Miriam Daly (née McDonnell; 6 May 1928 – 26 June 1980) was an Irish republican and communist activist as well as a university lecturer who was assassinated by the loyalist Ulster Defence Association (UDA) in 1980.

She was born Miriam Annette McDonnell in the Curragh Irish Army camp, County Kildare, Ireland, one of the two daughters of Commandant Daniel McDonnell and Anne McDonnell (née Cummins). Her father had served under Michael Collins in the War of Independence and as part of the pro-treaty National Army during the Irish Civil War. Afterwards, he developed pro-Labour views.

She grew up in Hatch Street, Dublin, where she attended Loreto College on St Stephen's Green and then University College, Dublin. While at UCD, Daly was a member of Young Fine Gael. She graduated with a Bachelor of Arts degree in 1948 with first-class honours in history and economics, a Higher Diploma in Education in 1949, and then a first-class honours Master of Arts, with a dissertation on Irish labour in England in the first half of the nineteenth century. Between 1950 and 1953 she taught economic history as an assistant lecturer in University College Dublin alongside Robert Dudley Edwards, who sexually harassed her until one day her father arrived with a gun and confronted Edwards.

In 1953 she married the psychiatrist Joseph Lee and together the two moved to England, where she was an extramural history lecturer. She became an active member of the Association of University Teachers and a campaigner against the Vietnam War. Lee died of a heart attack in 1963. A year later she began teaching economic history at the University of Southampton.

In 1965 she married philosopher and social activist James Daly, who had family from Ulster. They moved to Ireland in 1968 and were appointed lecturers in the departments of scholastic philosophy and of economic and social history at Queen's University, Belfast. In 1970 they adopted twins.

Apart from her set course, Daly taught an extramural course on labour history whose students included numerous Protestant trade unionists. She also lectured both republican and loyalist prisoners in Long Kesh and cooperated with both on prisoner welfare work. She contributed regularly to RTÉ Radio's Thomas Davis lectures in 1972–3. She was a founding member of the Irish Labour History Society, served on its committee for several years and co-edited its journal Saothar. She was a co-founder of the Economic and Social History Society of Ireland, a committee member of the Ulster Society for Irish Historical Studies, a member of the editorial board of Irish Historical Studies, and organised the first conference on Irish labour history held at an Irish university in 1974.
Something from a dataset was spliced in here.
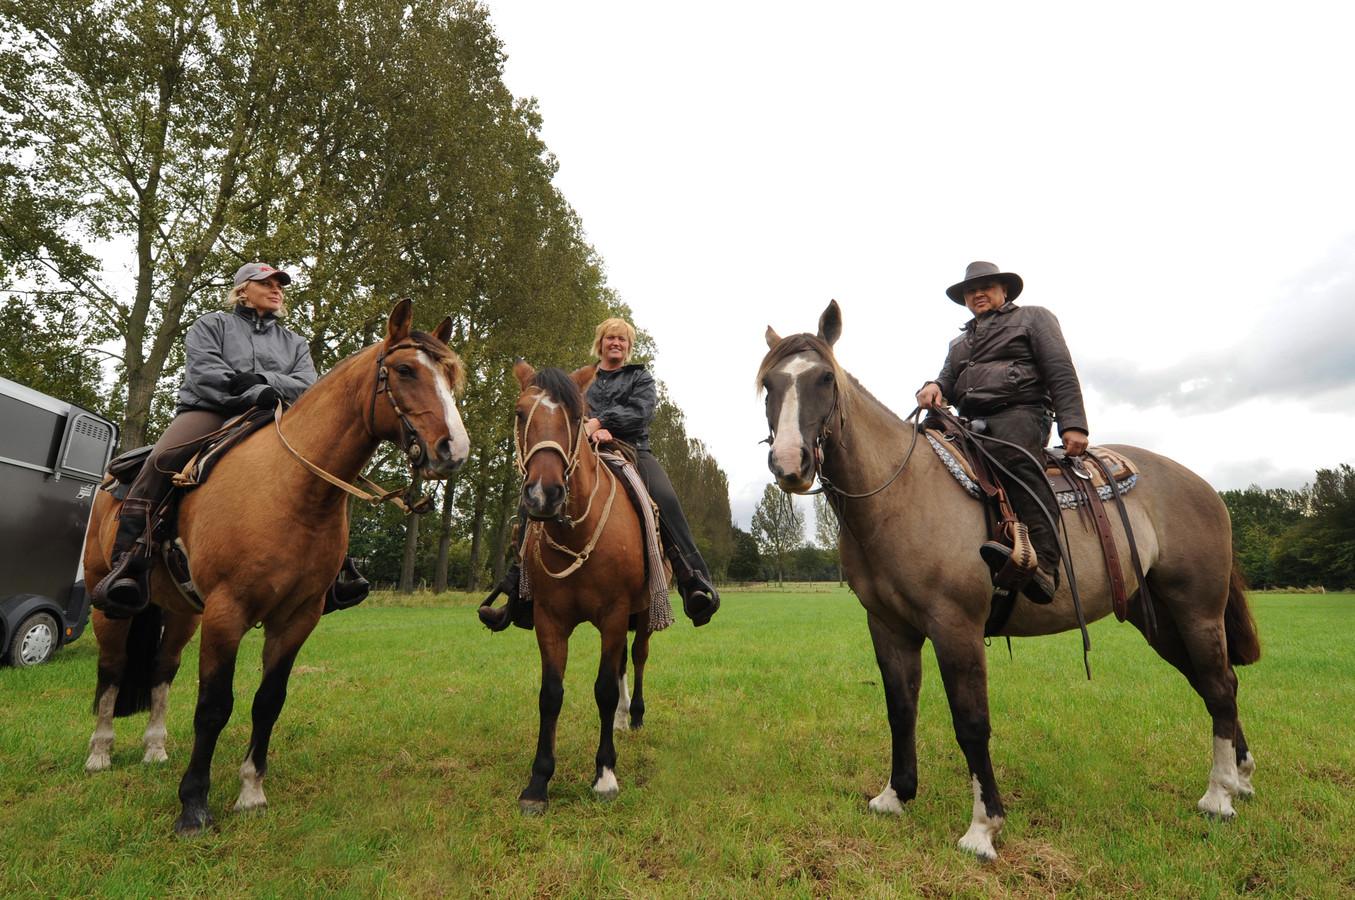 Foto van de Paarden3daagse in 2011.

Daly became active in the Northern Ireland civil rights movement following the introduction of internment without trial of suspected IRA members in 1972 by Westminster officials at the request of Prime Minister of Northern Ireland Brian Faulkner. She was active in the Northern Ireland Civil Rights Association (NICRA), and the Northern Resistance Movement (NRA), becoming involved in the former when she moved to Belfast; Daly subsequently joined the National Democratic Party (NDP), and its successor, the Social Democratic and Labour Party (SDLP). As a member of the SDLP she butted heads with John Hume and opposed advocacy for increased private home ownership rather than extended state housing. At the first SDLP annual conference, Daly led opposition to a motion condemning all political violence that was proposed by Hume.

The rapid escalation of violence in Northern Ireland during this period, in particular, the killing of 14 civil rights marchers by members of 1 PARA in Derry on 14 January 1972 in what later became known as "Bloody Sunday" further radicalised her. After Bloody Sunday, she left the SDLP and joined Sinn Féin in 1974.